Department of Pathology, Memorial Sloan-Kettering Cancer Center, 1275 York Avenue, New York, NY 10065, USA.
J Mol Diagn. 2010 Mar;12(2):169-76. doi: 10.2353/jmoldx.2010.090140. Epub 2010 Jan 21.
EGFR mutations are the best predictors of response to EGFR kinase inhibitors in lung adenocarcinoma. We evaluated two mutation-specific monoclonal antibodies for the detection of EGFR mutations by immunohistochemistry (IHC), generated respectively against the L858R mutant and the exon 19 mutant with the common 15bp/5AA deletion. These two mutations account for approximately 90% of all EGFR mutations. IHC staining performed on 218 paraffin-embedded lung adenocarcinomas was assessed on a 0 to 3+ scale, and positivity cutoffs of 1+ and 2+ were compared. All cases were studied by standard molecular methods for these two mutations, and selected cases were also studied using higher sensitivity molecular assays. The EGFR L858R mutant antibody showed a sensitivity of 95% and a positive predictive value (PPV) of 99% with a positivity cutoff of 1+ and a sensitivity of 76% and a PPV of 100% with a positivity cutoff of 2+. The EGFR exon 19 mutant-specific antibody showed reduced sensitivity for exon 19 deletions other than 15bp. A positivity cutoff of 1+ resulted in a sensitivity of 85% and a PPV of 99%, whereas a 2+ cutoff gave a sensitivity of 67% and a PPV of 100%. IHC with EGFR mutant-specific antibodies could be used as a screen to identify most candidates for EGFR inhibitors.

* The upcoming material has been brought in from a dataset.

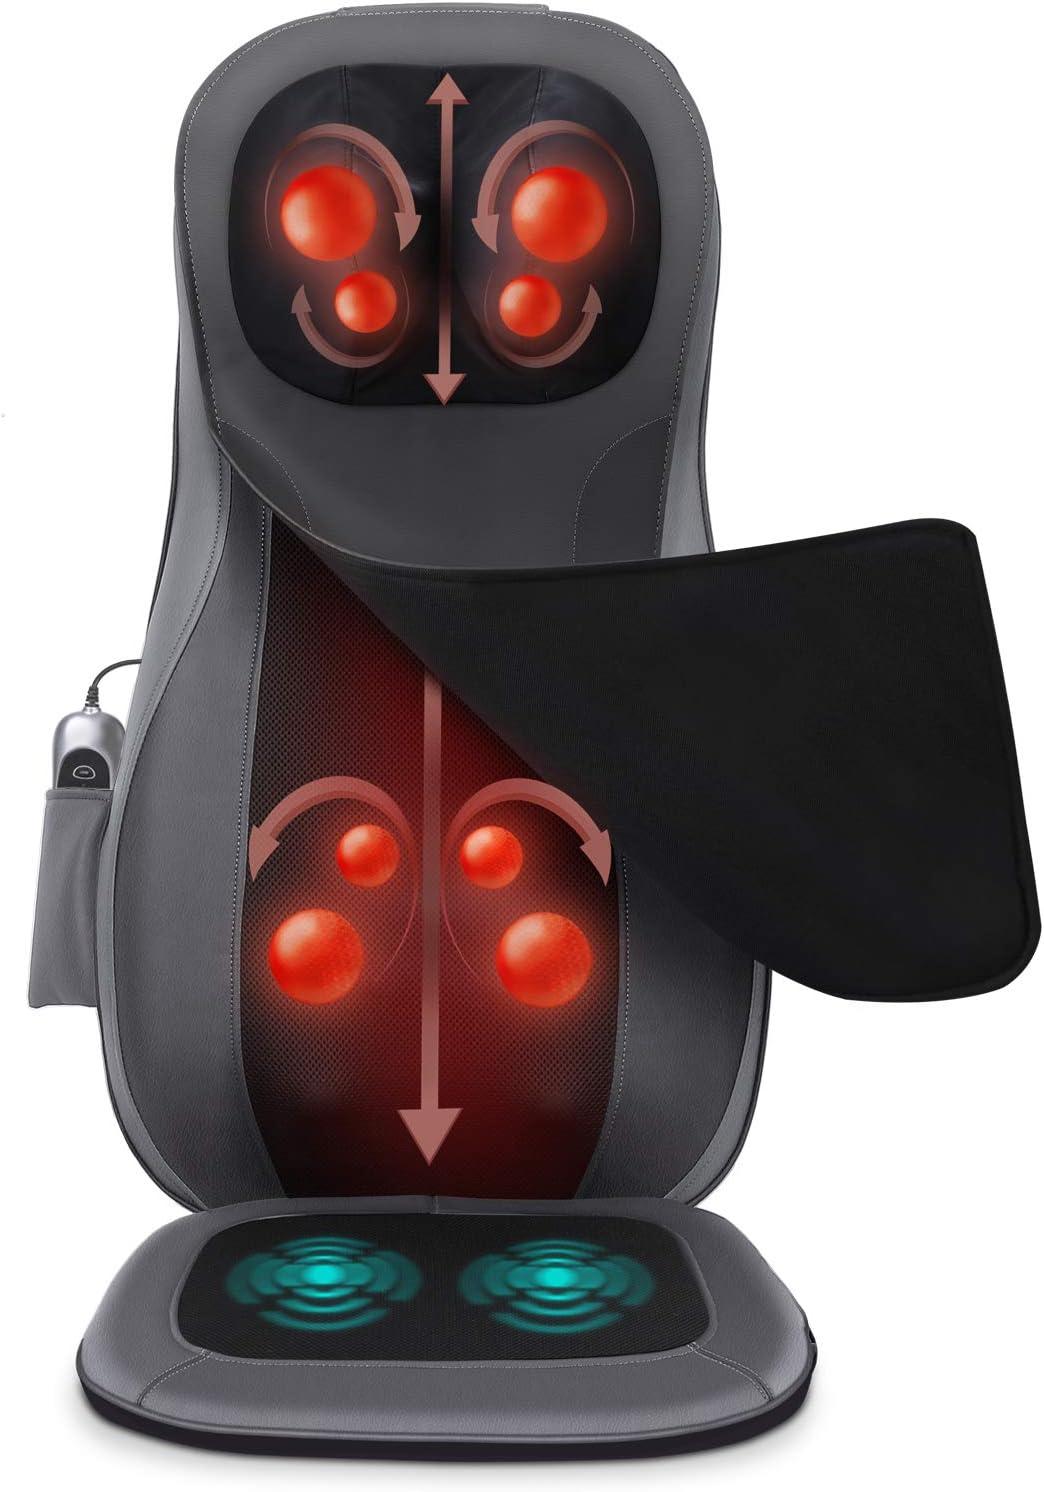 Naipo Back and Neck Massager Shiatsu Massage Chair Seat Cushion with Heat Rolling Kneading Vibration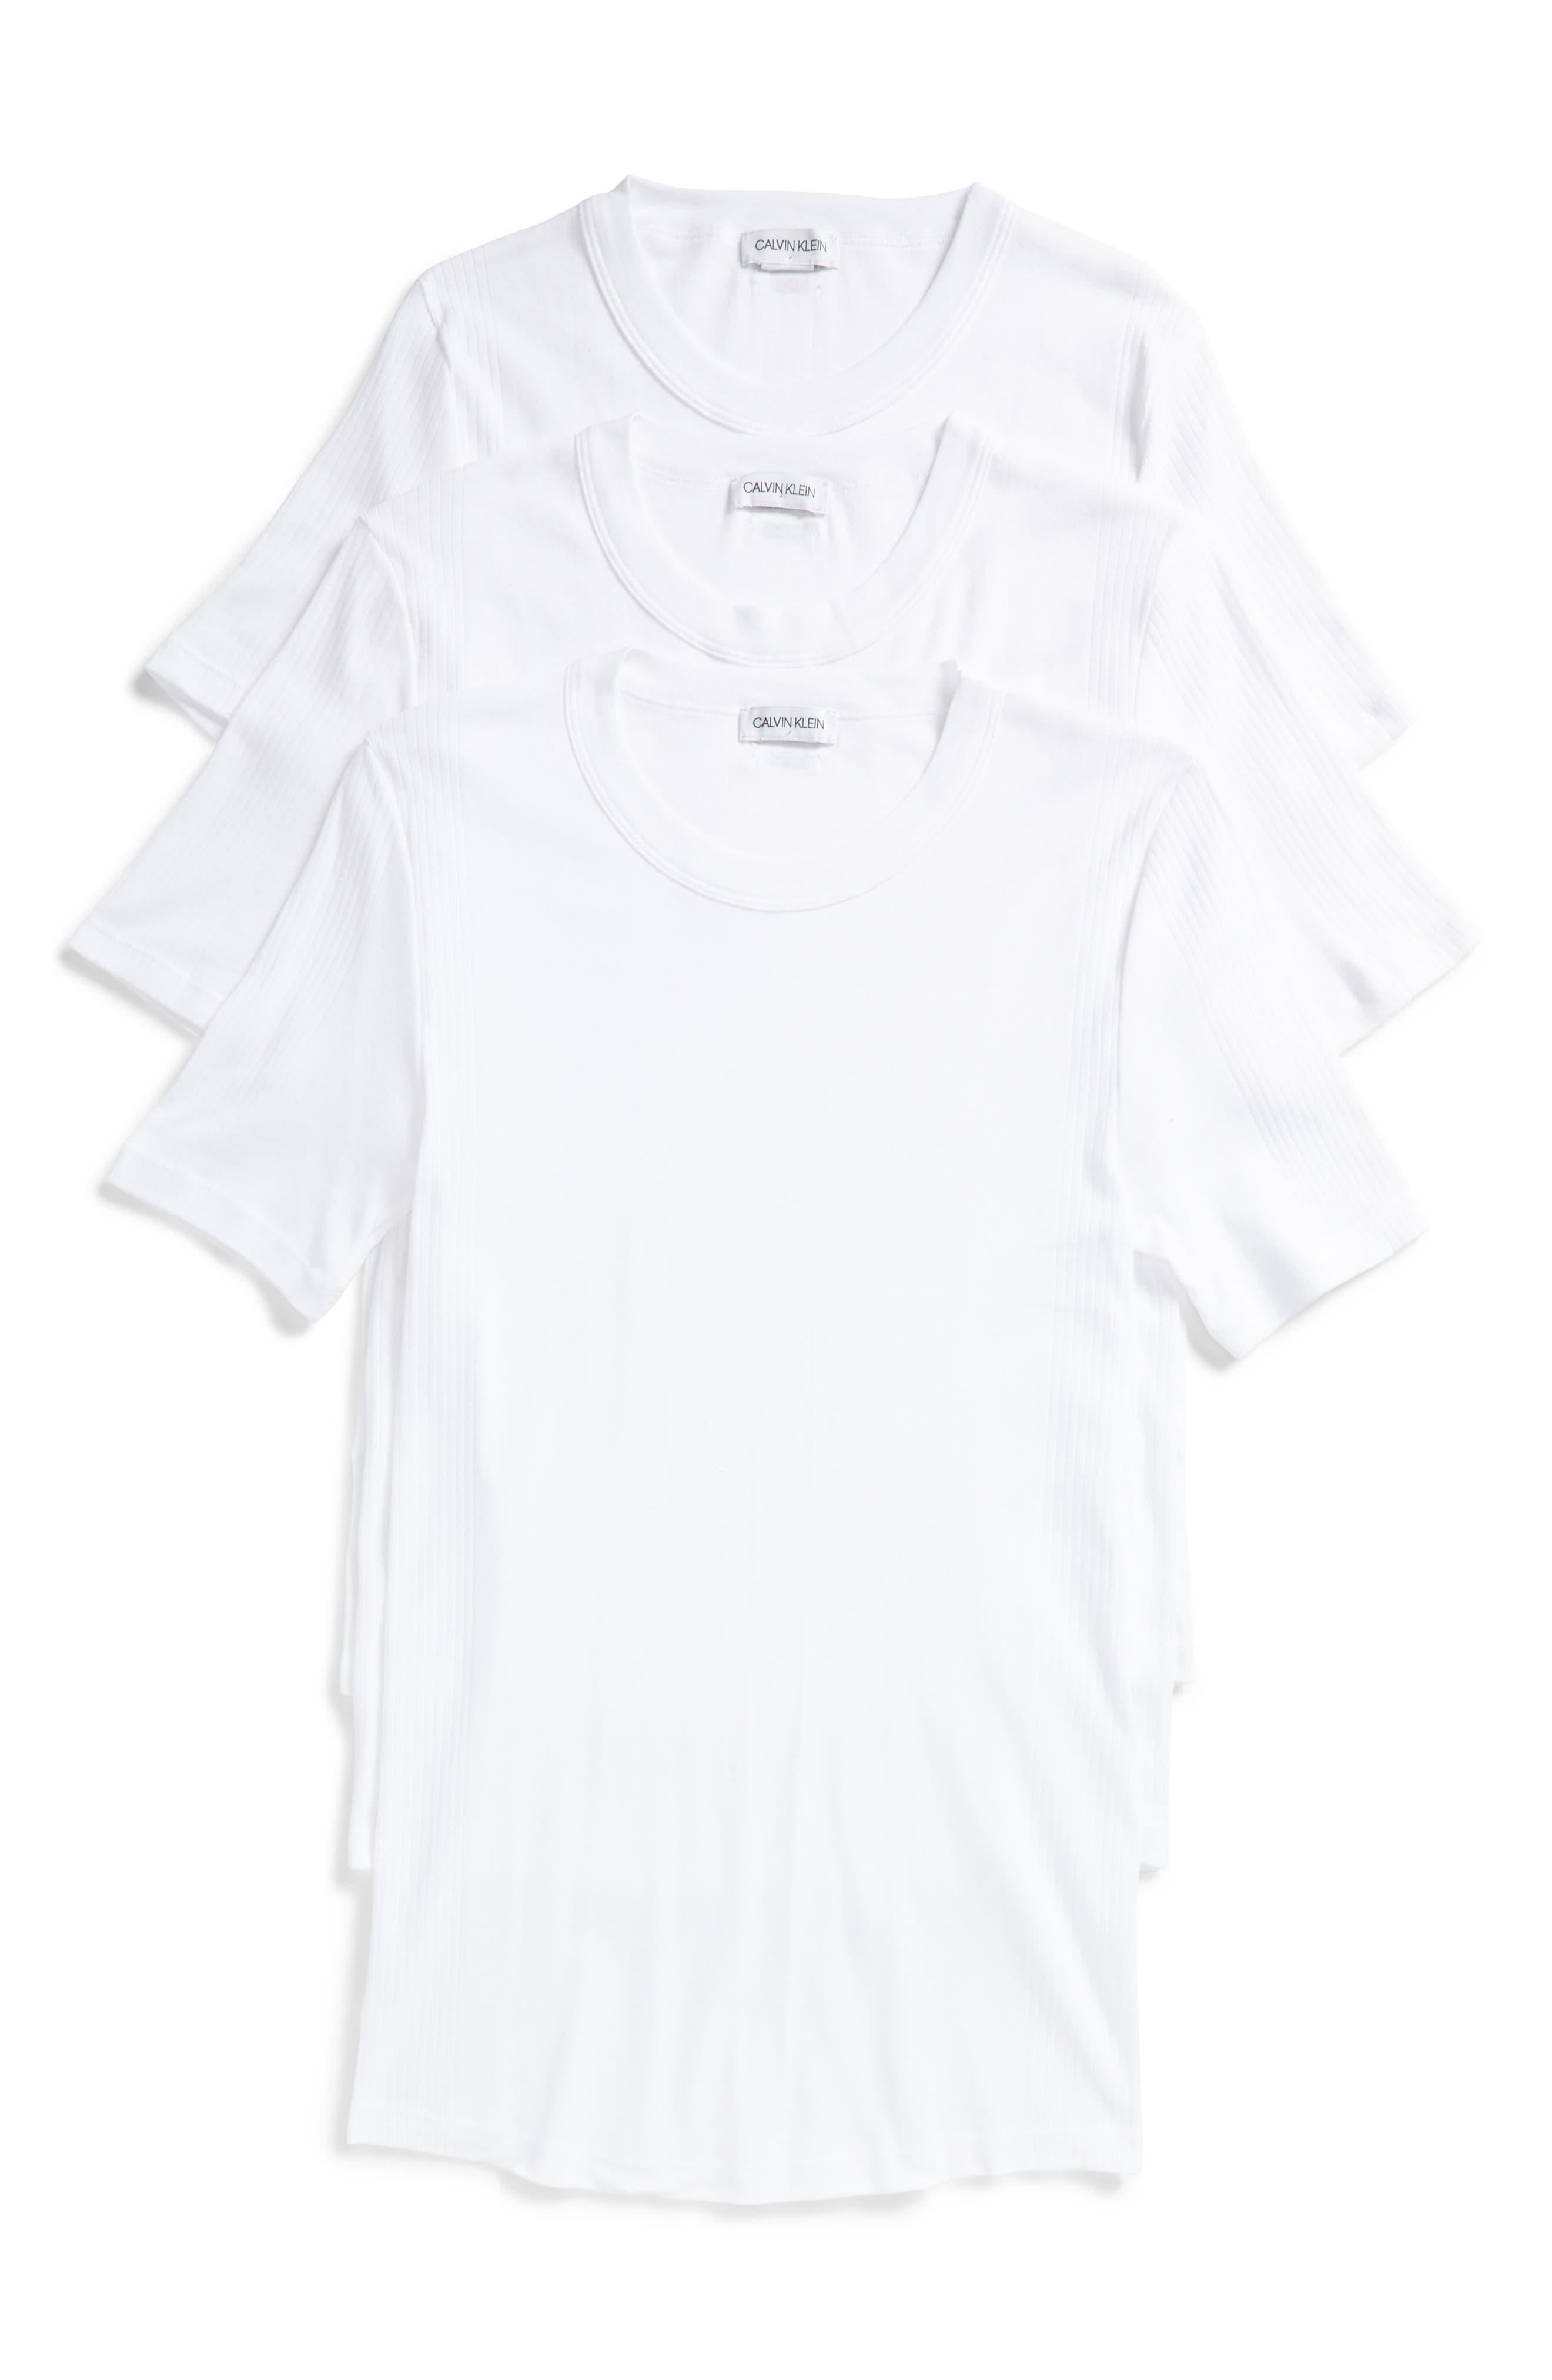 Calvin Klein 205W39NYC Concept Luxury 3-Pack Crewneck T-Shirt

表皮生长因子受体(EGFR)突变是预测肺腺癌对 EGFR 激酶抑制剂反应的最佳指标。我们评估了两种针对 EGFR 突变的突变特异性单克隆抗体,通过免疫组织化学(IHC)检测 EGFR 突变,分别针对 L858R 突变和外显子 19 突变(带有常见的 15bp/5AA 缺失)产生。这两种突变约占所有 EGFR 突变的 90%。对 218 例石蜡包埋的肺腺癌进行了 0 至 3+级的 IHC 染色评估,并比较了 1+和 2+的阳性截断值。所有病例均采用标准分子方法对这两种突变进行研究,选择的病例还采用更高灵敏度的分子检测方法进行研究。EGFR L858R 突变抗体的阳性截断值为 1+时,敏感性为 95%,阳性预测值(PPV)为 99%,敏感性为 76%,PPV 为 100%,阳性截断值为 2+。针对 EGFR 外显子 19 突变的特异性抗体对 15bp 以外的外显子 19 缺失的敏感性降低。阳性截断值为 1+时,敏感性为 85%,PPV 为 99%,而 2+截断值的敏感性为 67%,PPV 为 100%。针对 EGFR 突变的特异性抗体的 IHC 可作为筛选工具,以确定大多数 EGFR 抑制剂候选者。